In relation to the indemnity payment made by the taxpayer the SCA found that the payment qualified as ‘expenditure actually incurred’ in respect of the acquisition of the shares and should form part of their base cost, notwithstanding the fact that the payment was incurred after the sale of the shares. This is so because the indemnity payment was incurred in substitution for an earlier contingent obligation which was clearly related to the acquisition of the shares. On this basis, the acquisition of the shares remained the causa causans of the indemnity payment.

KLUH – FARMING OPERATIONS

In the second case of Commissioner: SARS v Kluh Investments (Pty) Ltd, the SCA, on 1 March 2016, dismissed SARS’ appeal and confirmed the decision of the full bench of the Western Cape High Court, to the effect that the taxpayer was carrying on farming operations.

The brief facts were:

  • Steinhoff Southern Cape (Pty) Ltd (“Steinhoff”) was looking to acquire a plantation in Knysna, but had a group policy not to own fixed property in South Africa at the time.
  • The taxpayer acquired land and growing timber and Steinhoff acquired the equipment and personnel required to carry on farming operations on the plantation.
  • It was agreed that Steinhoff, at its own cost, could harvest the timber for its own account, subject to Steinhoff maintaining and managing the plantation.
  • The taxpayer had no equipment and no employees and earned no income and incurred no expenses of an operational nature.
  • After two years, Steinhoff bought the land and trees from the taxpayer.

If the taxpayer qualified as a “farmer”, the sale proceeds are deemed, under tax legislation, to be revenue in nature.

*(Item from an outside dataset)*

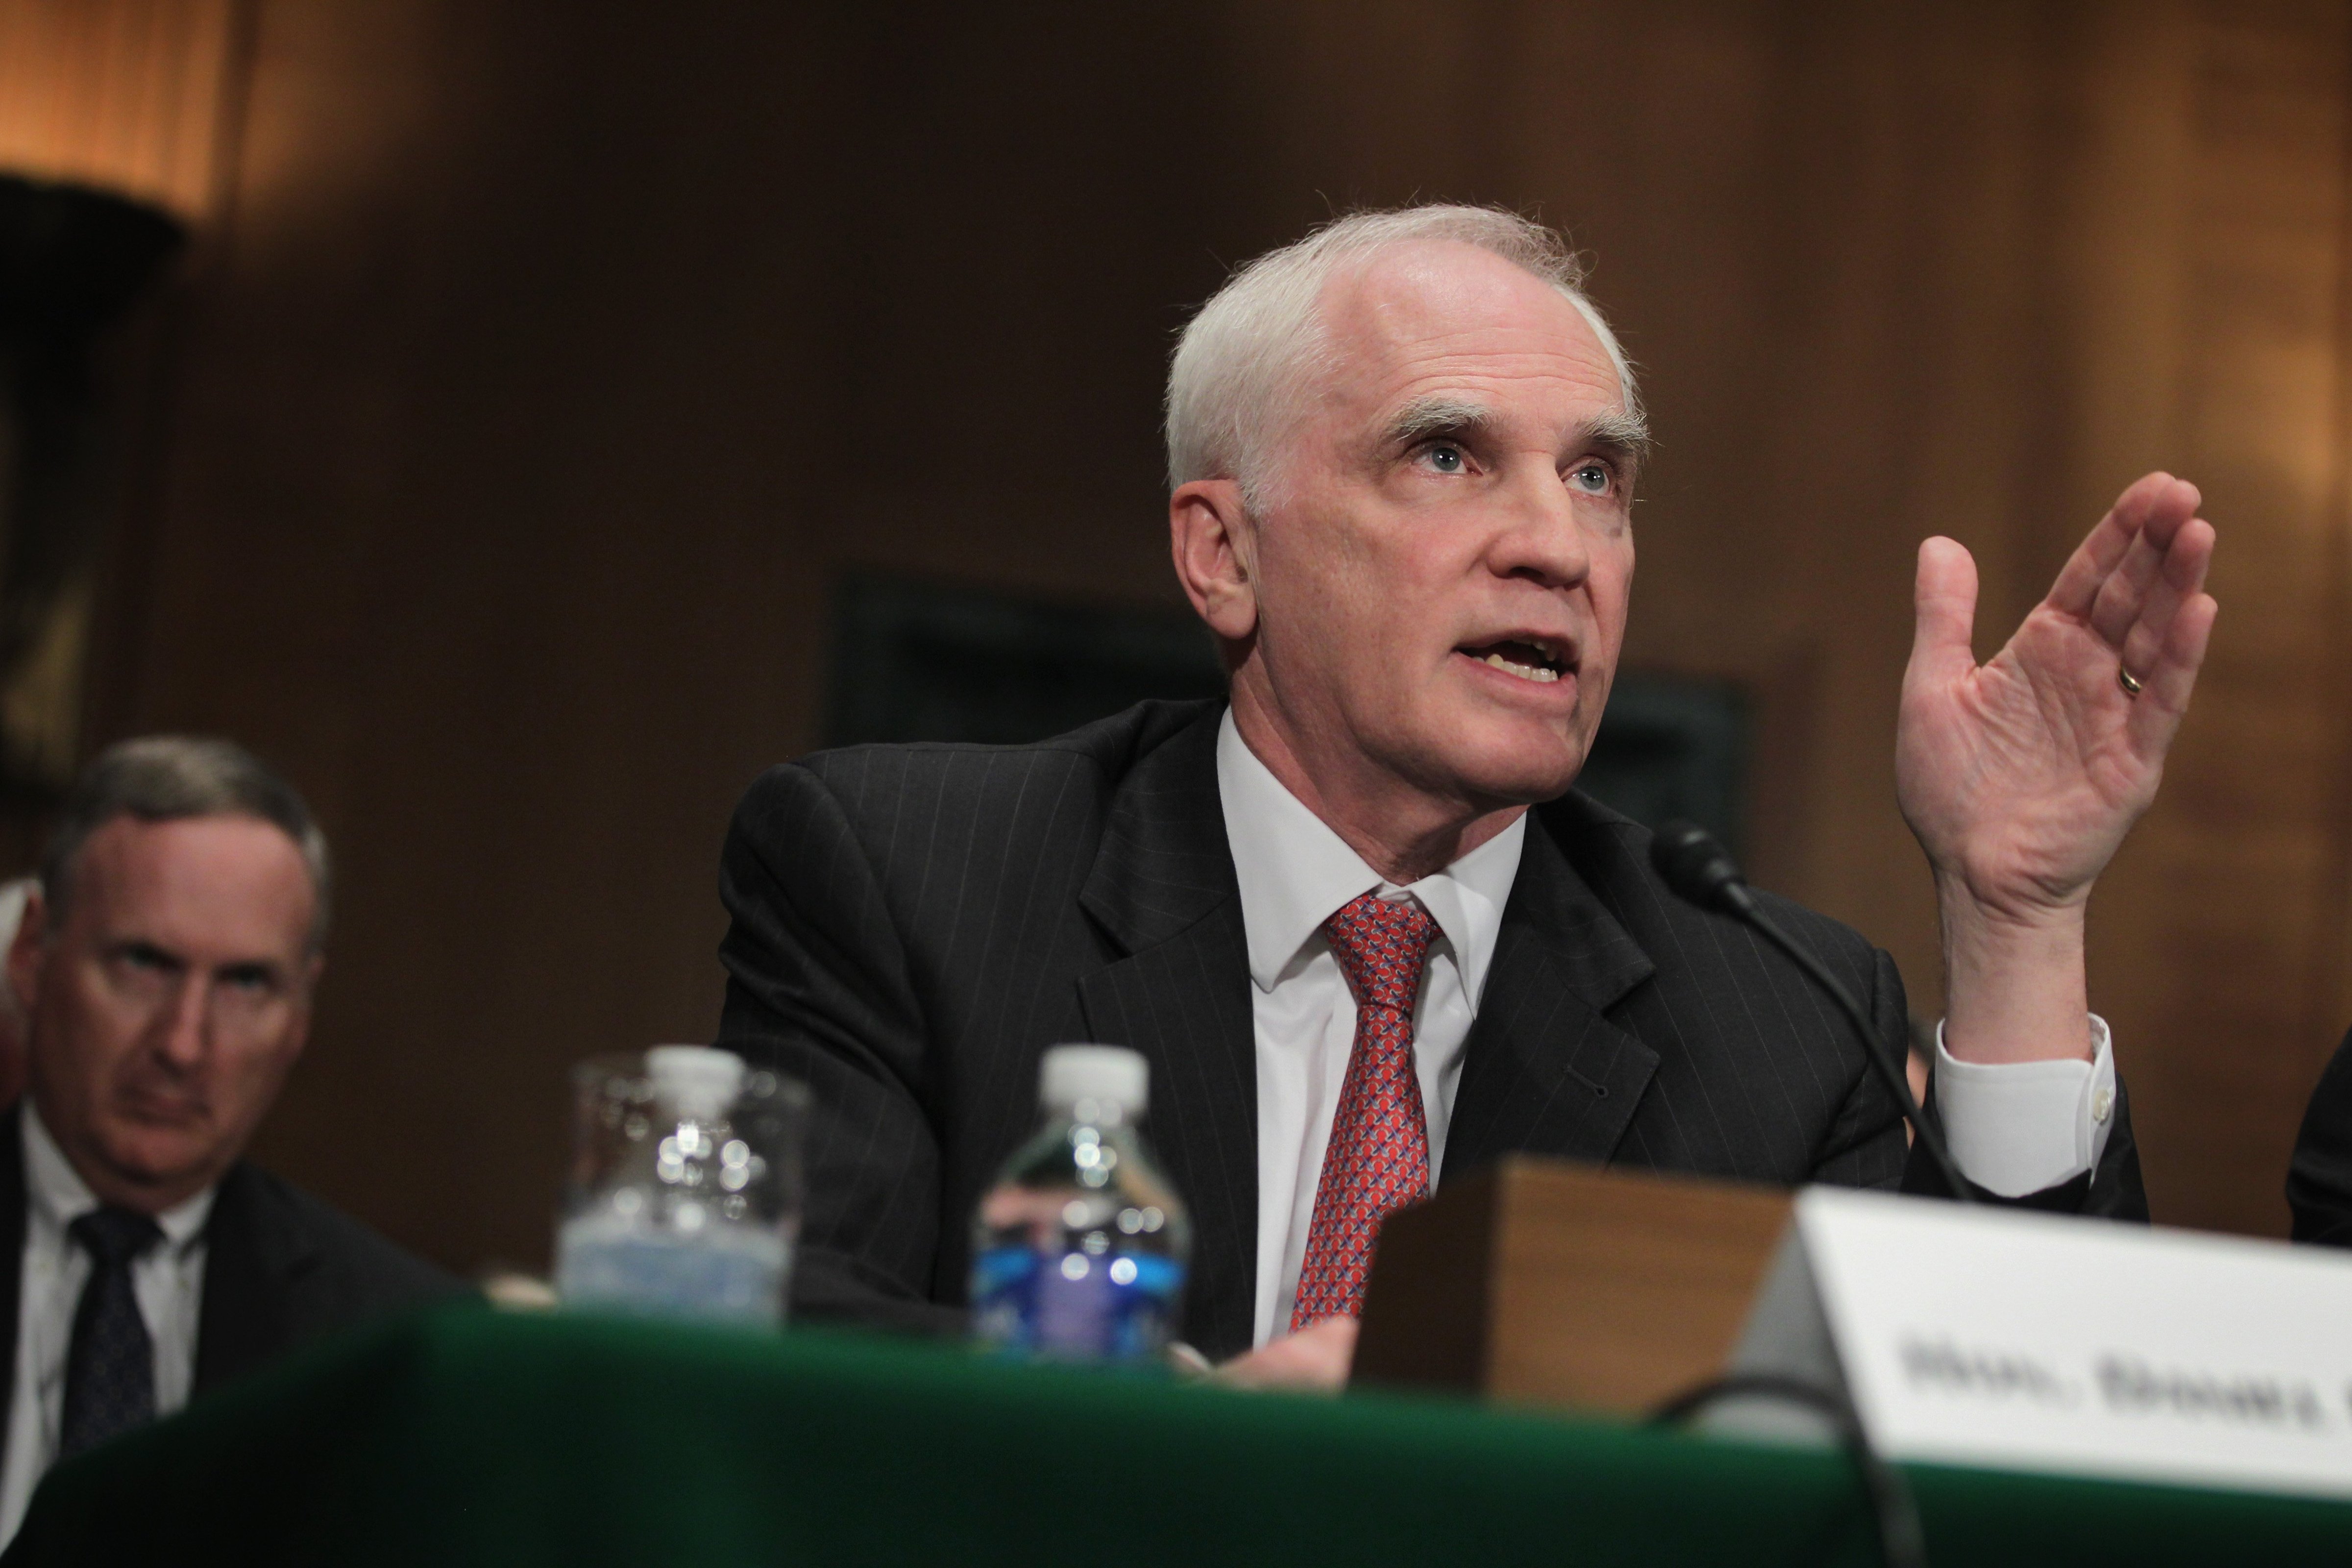 Federal Reserve Board of Governors member Daniel Tarullo testifies during a hearing before Senate Banking, Housing and Urban Affairs Committeeon Sept. 9, 2014 on Capitol Hill in Washington, DC. (Alex Wong—Getty Images)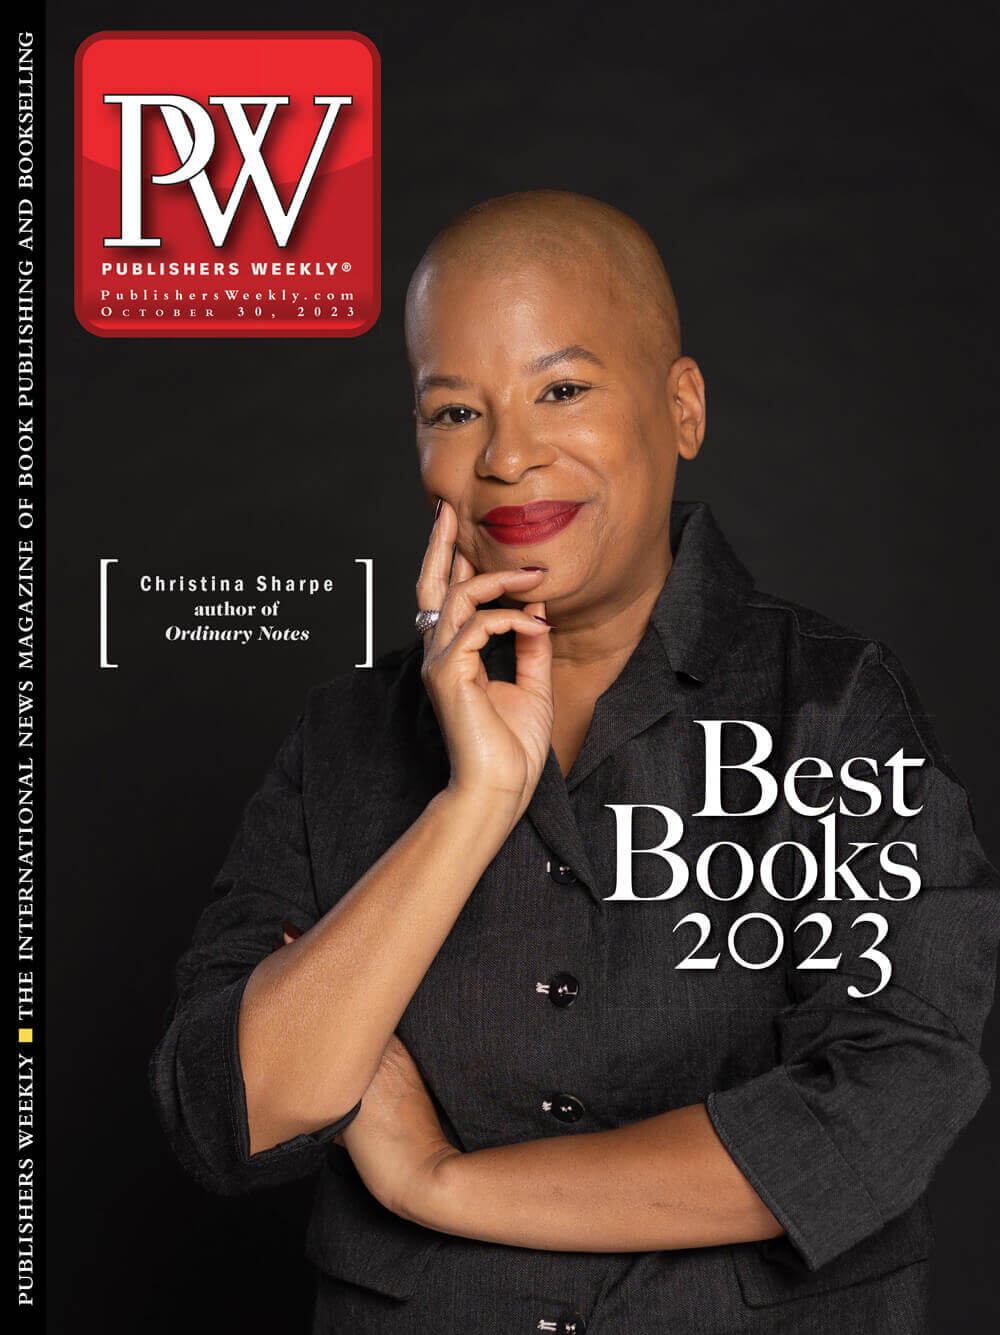 Publishers Weekly Has Announced Their List of Best Books 2023 - Good e ...

The legislation provides that a farmer is a person carrying on farming operations.

The SCA agreed with the High Court’s finding that the taxpayer’s involvement was limited to the acquisition of bare ownership of the land and the timber, which did not amount to the carrying on of farming operations.

The SCA considered the further branches of SARS’ argument, namely that:

  • the purpose of the relevant tax legislation is to extend tax liability by treating the proceeds of the disposal of a plantation as gross income;
  • he mere disposal of a plantation constitutes the conduct of farming operations; and
  • he farming operations were conducted by Steinhoff “on behalf of” the taxpayer.

CONCLUSION

The SCA dismissed these arguments on the following grounds:

The provision which deems the proceeds of the disposal of a plantation as gross income cannot in itself determine who qualifies as a farmer. SARS’ contention is thus fallacious, as a deeming provision that will only apply if Kluh is a farmer cannot be applied to determine whether Kluh is a farmer.

The relevant tax legislation simply provides that the proceeds on disposal of a plantation by a farmer must be included in the farmer’s gross income. That cannot be interpreted to mean that a disposal of a plantation is tantamount to farming.

Thirdly, even if Steinhoff in some sense acted on behalf of Kluh, that would not make Kluh a farmer, given that Kluh did not have the right to the yield of the plantation nor the use of the land or the plantation and Kluh did not derive any income from the land and the plantation, as the use thereof was granted to Steinhoff to farm for its own benefit. Thus the only entity which could be regarded as a ‘farmer’ in relation to the plantation owned by Kluh, was Steinhoff.